23-J, el día esperado

No sólo se acaba la guerra. Empieza una etapa de grandes oportunidades y no pocos retos. Análisis de Rodrigo Pardo, director editorial de Semana.

23 de junio de 2016

Y llegó el día. Tres meses después del que habían acordado el presidente Juan Manuel Santos y el jefe de las FARC, Timoleón Jiménez. Y varios más que los “pocos meses” que esperaba el primer mandatario cuando anunció la apertura de los diálogos en noviembre del 2012. Un tiempo largo que sirvió para que las partes asimilaran lo que realmente estaba en juego, pero que les sirvió a los críticos de las negociaciones para desprestigiar el proceso y que alcanzó a cansar a partidarios de la negociación. Porque, de hecho, el asunto del tiempo y de la fecha llegó a tomar más tiempo del que merecía en debates y columnas de opinión.

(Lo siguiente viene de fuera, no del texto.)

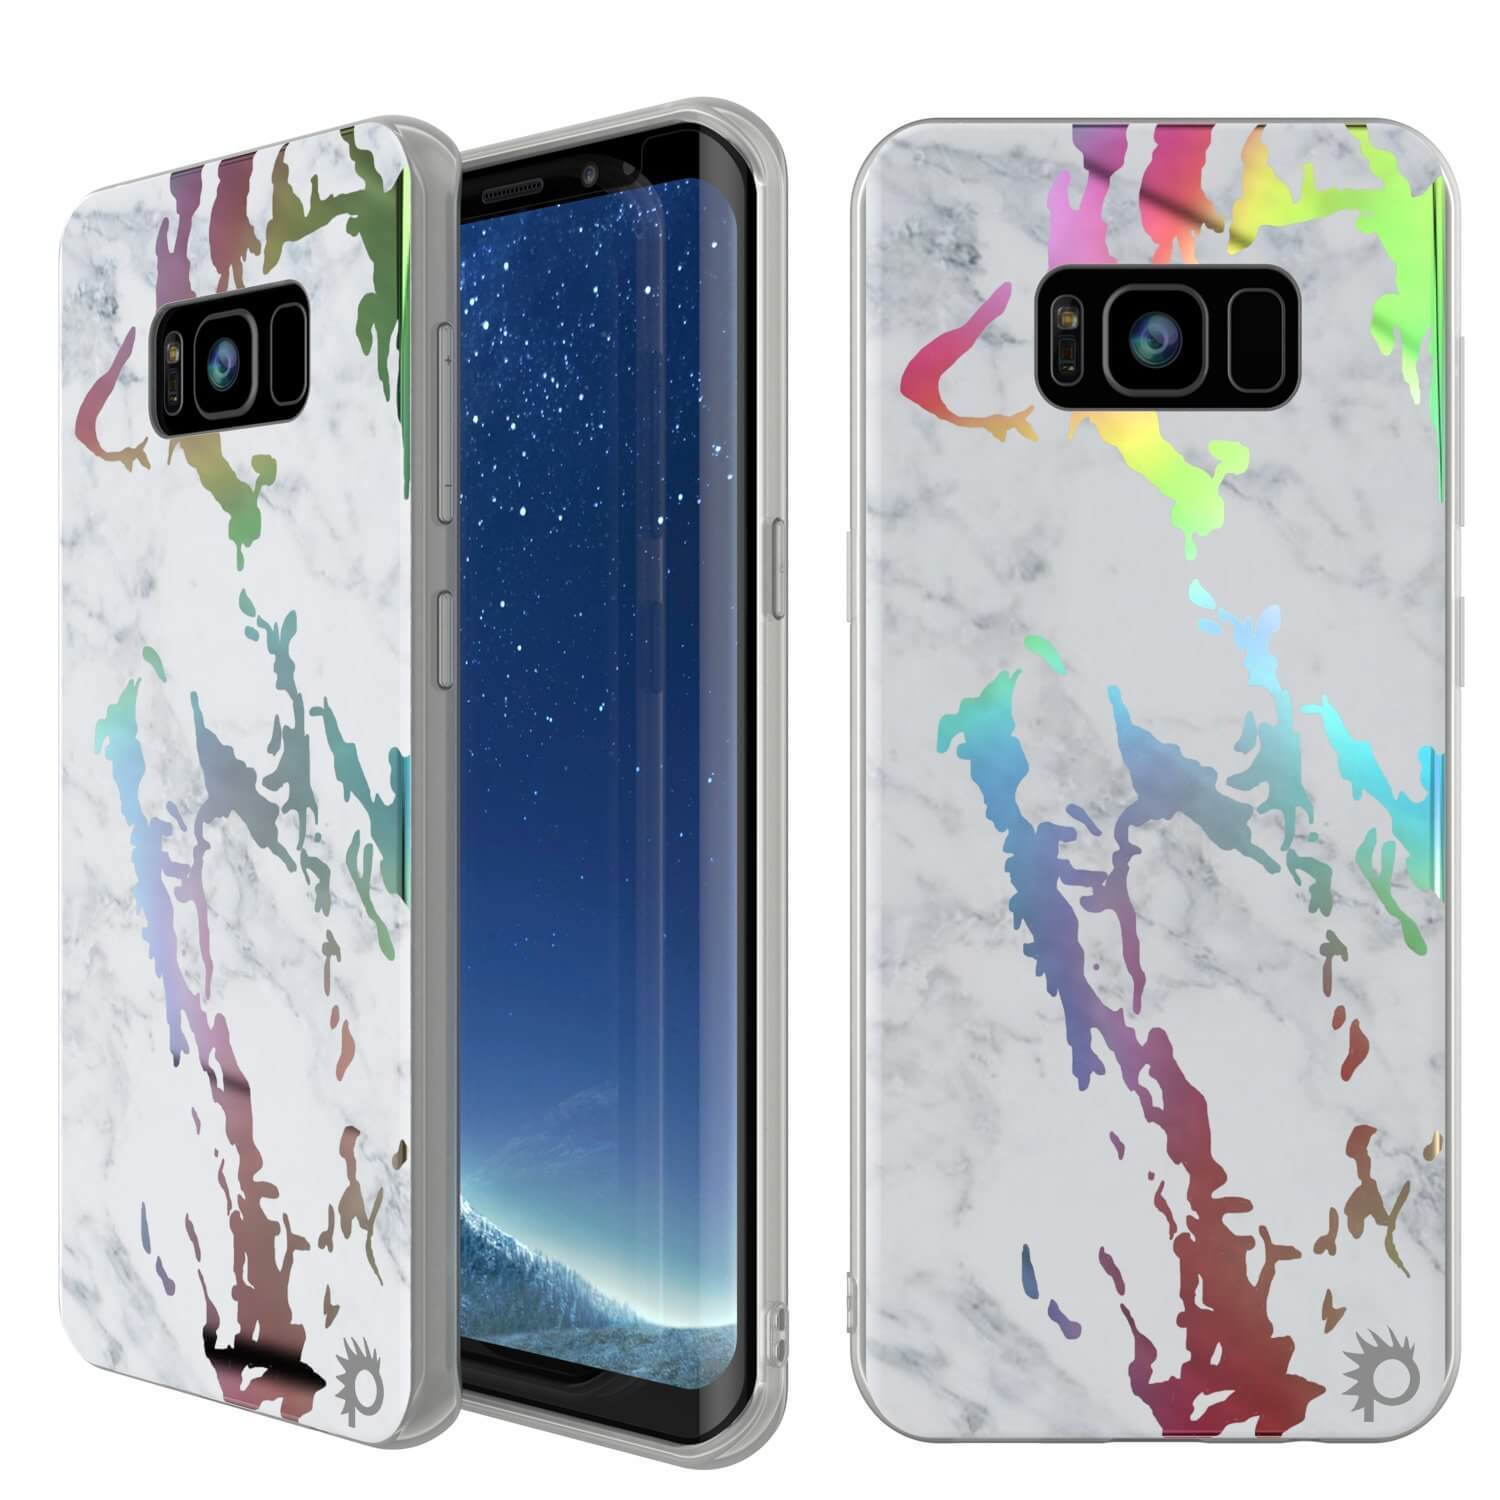 Punkcase Galaxy S8+ PLUS Marble Case, Protective Full Body Cover W/PunkShield Screen Protector (Blanco Marmo) - PunkCase NZ

Pero esa página quedó atrás. El 23-J quedará grabado como el día en que el Estado colombiano y las FARC, frente de la comunidad internacional, se comprometieron a ponerle fin a la confrontación armada. Un hecho tan contundente y trascendental, que en la práctica se convierte en el fin del proceso. Al fin y al cabo, marca la terminación de la guerra. Ante semejante noticia, poco importa que aún falta por acordar todo un punto de los seis que componían la agenda –el de la refrendación e implementación- y algunos pendientes de los cinco anteriores, ya pactados. En este 23-J ni siquiera se ha hecho énfasis en la frase que se reiteró hasta el cansancio cuando se hicieron los anuncios sobre los primeros pactos: “que nada está acordado hasta que todo está acordado”. También esta cláusula quedó superada por la firma de este jueves. Hoy sería más realista decir que las negociaciones entraron en una recta final sin destino posible diferente al acuerdo final.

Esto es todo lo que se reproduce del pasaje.